Esteve cá há pouco tempo…
Mas levou uma injeção de entrevistas e de pessoas encostadas. Não fui lá, acho que tem de se ter algum pudor.

Estamos na RTP, onde se estreou há precisamente 65 anos no “Programa Juvenil”, com um casaco azul-escuro com botões dourados e sapatos de camurça emprestados pelo seu primo. Tinha 15 anos, recebia 200 escudos de cachê. Com essa idade, seria difícil imaginar tudo que viria a seguir?
Eu queria ser tudo, menos isto. Simplesmente, foram-me achando alguma graça e, sobretudo, alguma competência, enquanto o João Lobo Antunes queria ser aquilo que foi, um grande cientista e neurologista, a Lídia Franco queria ser atriz.

É um ator eternamente adiado?
Sim, de alguma maneira. Achava graça fazer umas rabulazinhas. Fui ficando, particularmente porque fui o único que, logo no princípio, comecei a escrever ideias para os programas. Depois convidaram-me para fazer um programa infantil, e havia os fantoches, ofereci-me para fazer de fantocheiro. Era o tempo em que a RTP1 tinha, à tarde de domingo, três horas dedicadas só às crianças. Pré-história, obviamente.

Era um miúdo criativo, montou um comboio fantasma no pátio do prédio, inventou uma máquina de projetar cinema. Fazia de tudo e nunca parou, pois não?
Fiz tudo e mais alguma coisa.
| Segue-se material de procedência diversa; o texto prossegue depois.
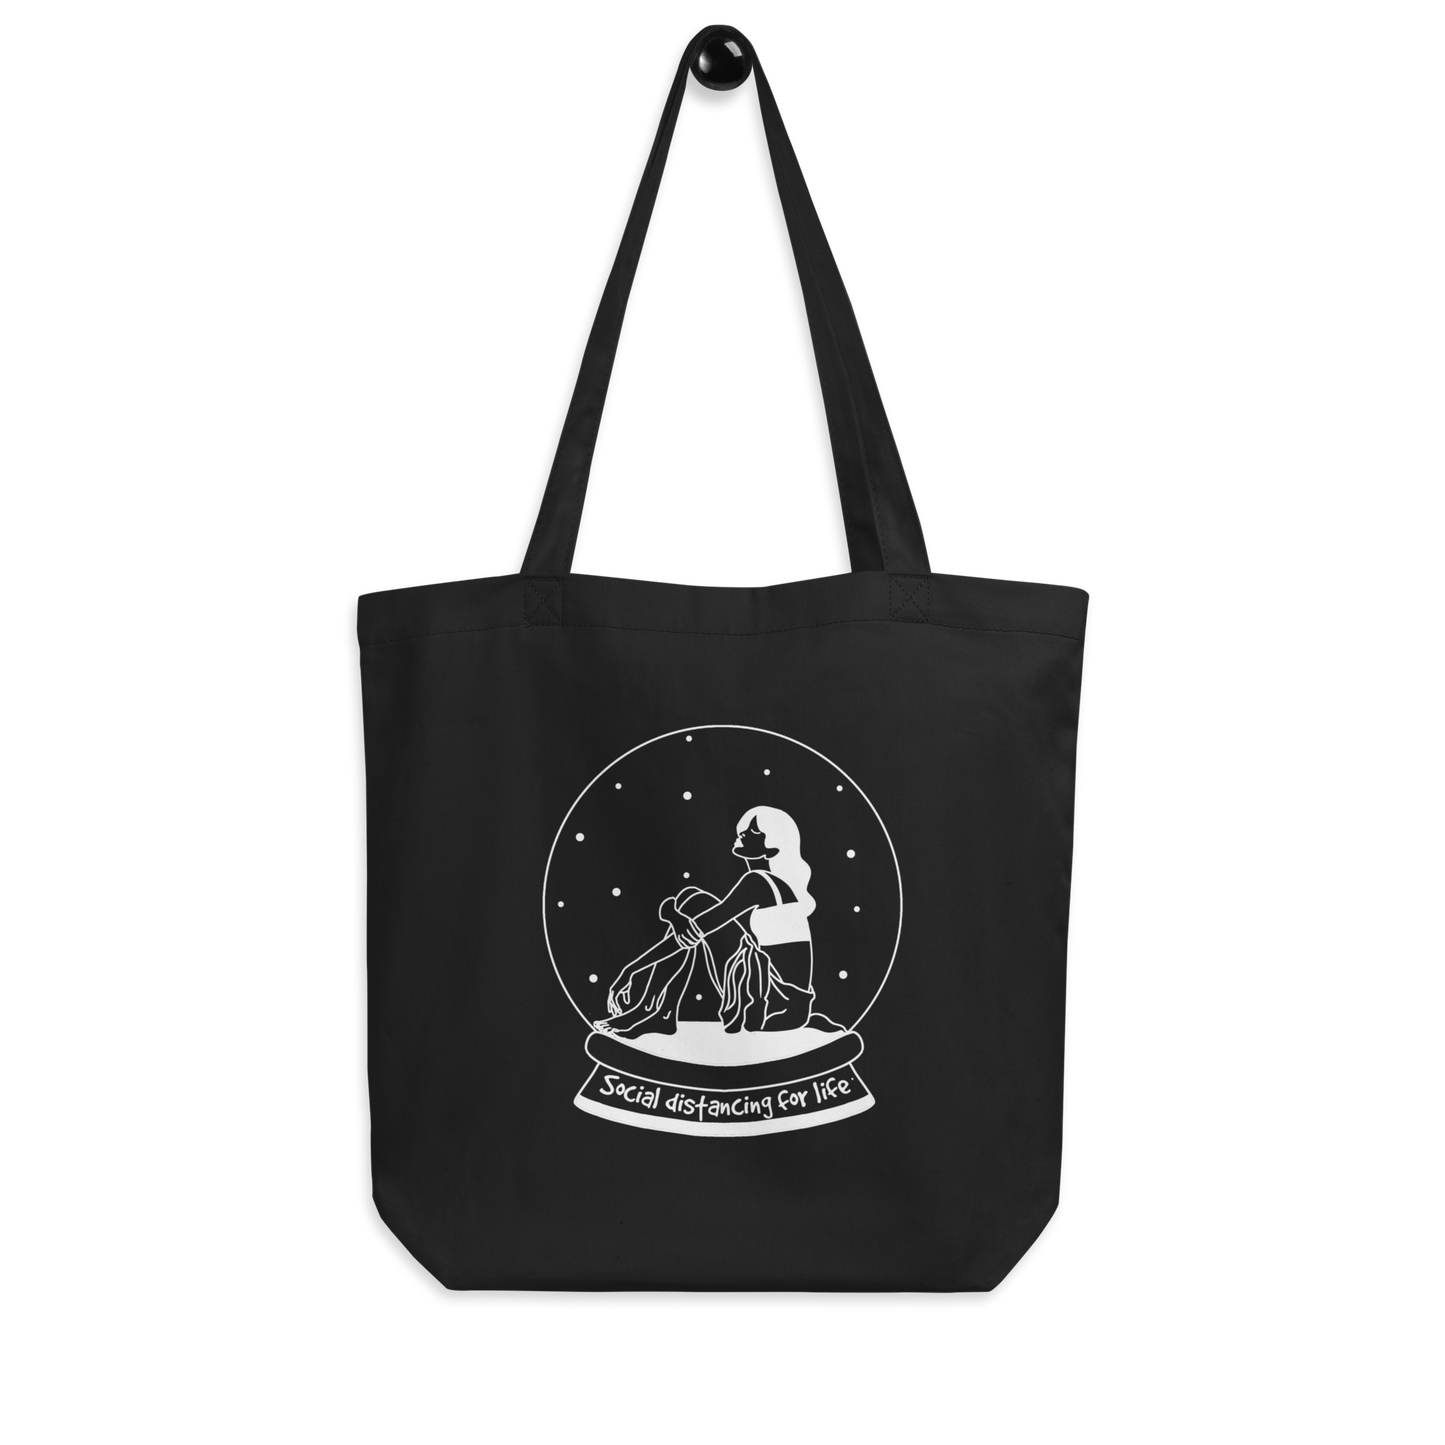 Social Distancing for Life Tote

A minha mãe é que me denunciou em conversa comigo: “O que tu fazes em televisão é o que tu fazias em casa”.

Sentiu a televisão como a sua casa?
Não posso considerar a minha casa, porque vivo na televisão numa casa alugada.

À consignação, como costuma dizer?
Embora seja, nesta altura, um privilegiado porque, de há uns cinco anos para cá, o meu contrato é anual.
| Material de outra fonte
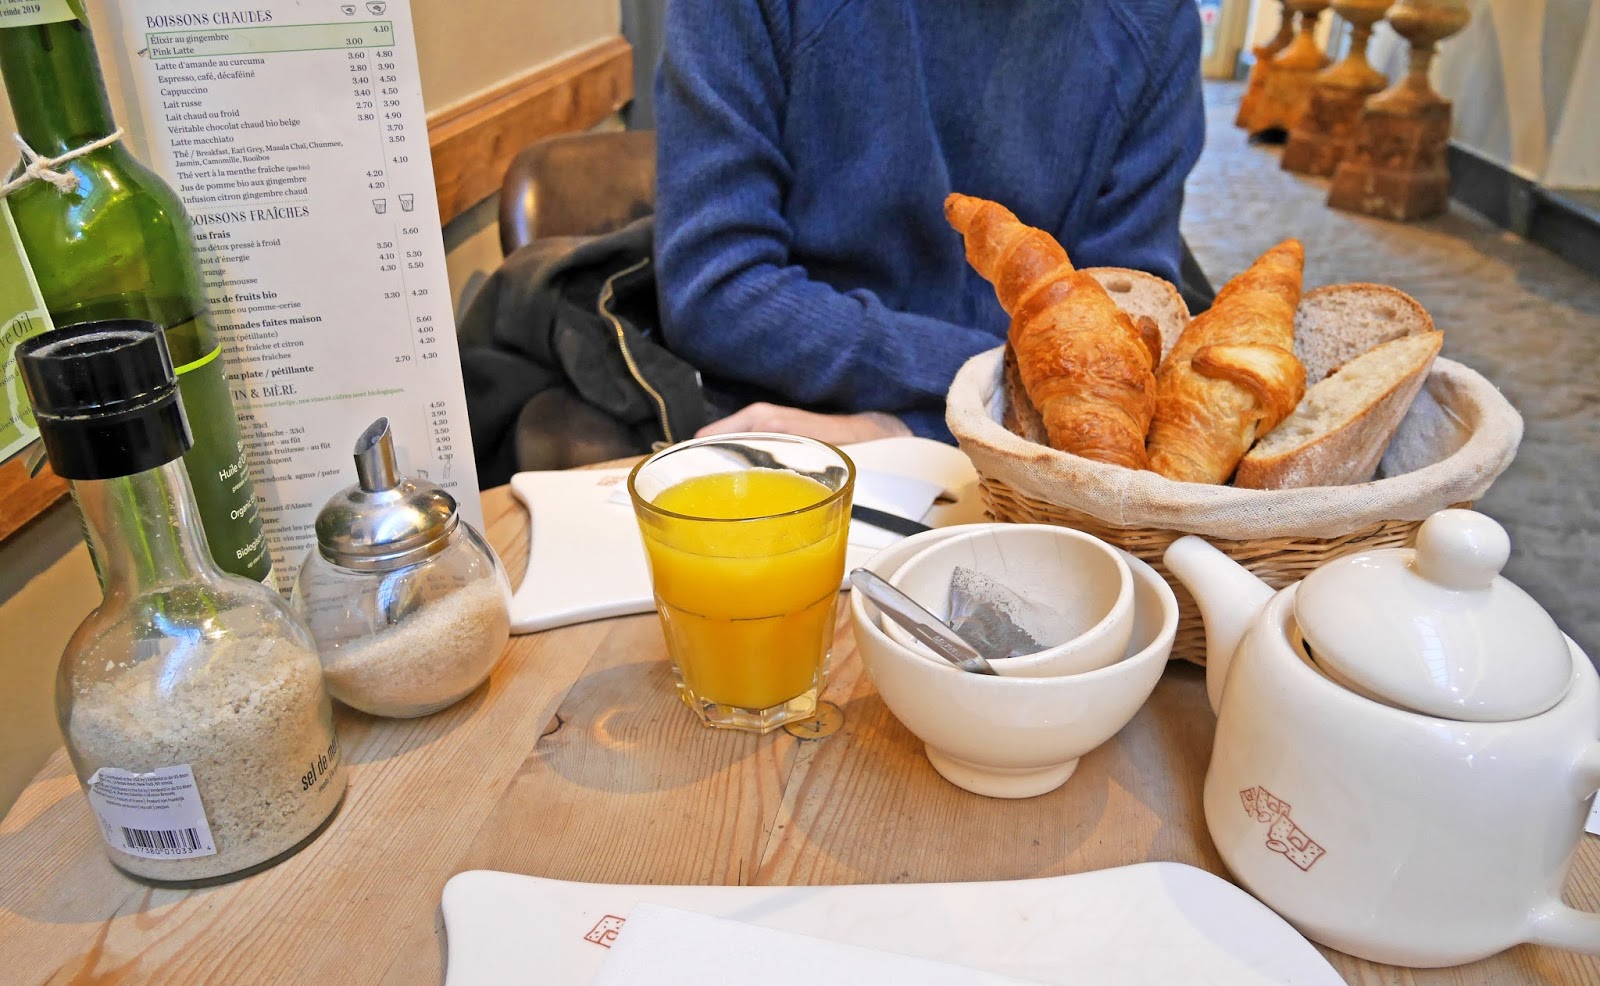 Pastries for breakfast at Le Pain Quotidien, Bruges

Nunca tentou entrar nos quadros da RTP?
Passe a imodéstia, até me posso orgulhar desse facto. Há largos anos, fui convidado com o António Reis e o António Macedo para sermos um triunvirato da direção de programas. Eu tinha a parte do entretenimento (nunca foi diretor de programas por inteiro, tinha um terço), o António Reis a da cultura, o António Macedo a da ficção. Em determinada altura, com as mutações que acontecem, aquele triunvirato acabou, surgiu outra administração, e o formato habitual, um diretor de programas. Eles dois ficaram, porque já tinham bastante tempo, como funcionários, e eu não quis aceitar essa situação. Não quero ficar por arrasto, não vale a pena. E, portanto, fiquei sempre a navegar à vista.

O que é o que o chateia no dia a dia?
Ao nível da minha área, a ideia de que as pessoas são perenes, os que se julgam eternos, a ostentação. Aborrece-me violentamente porque um dos maiores elogios que me podem fazer é dizerem que sou modesto. Não sou humilde, mas sou modesto.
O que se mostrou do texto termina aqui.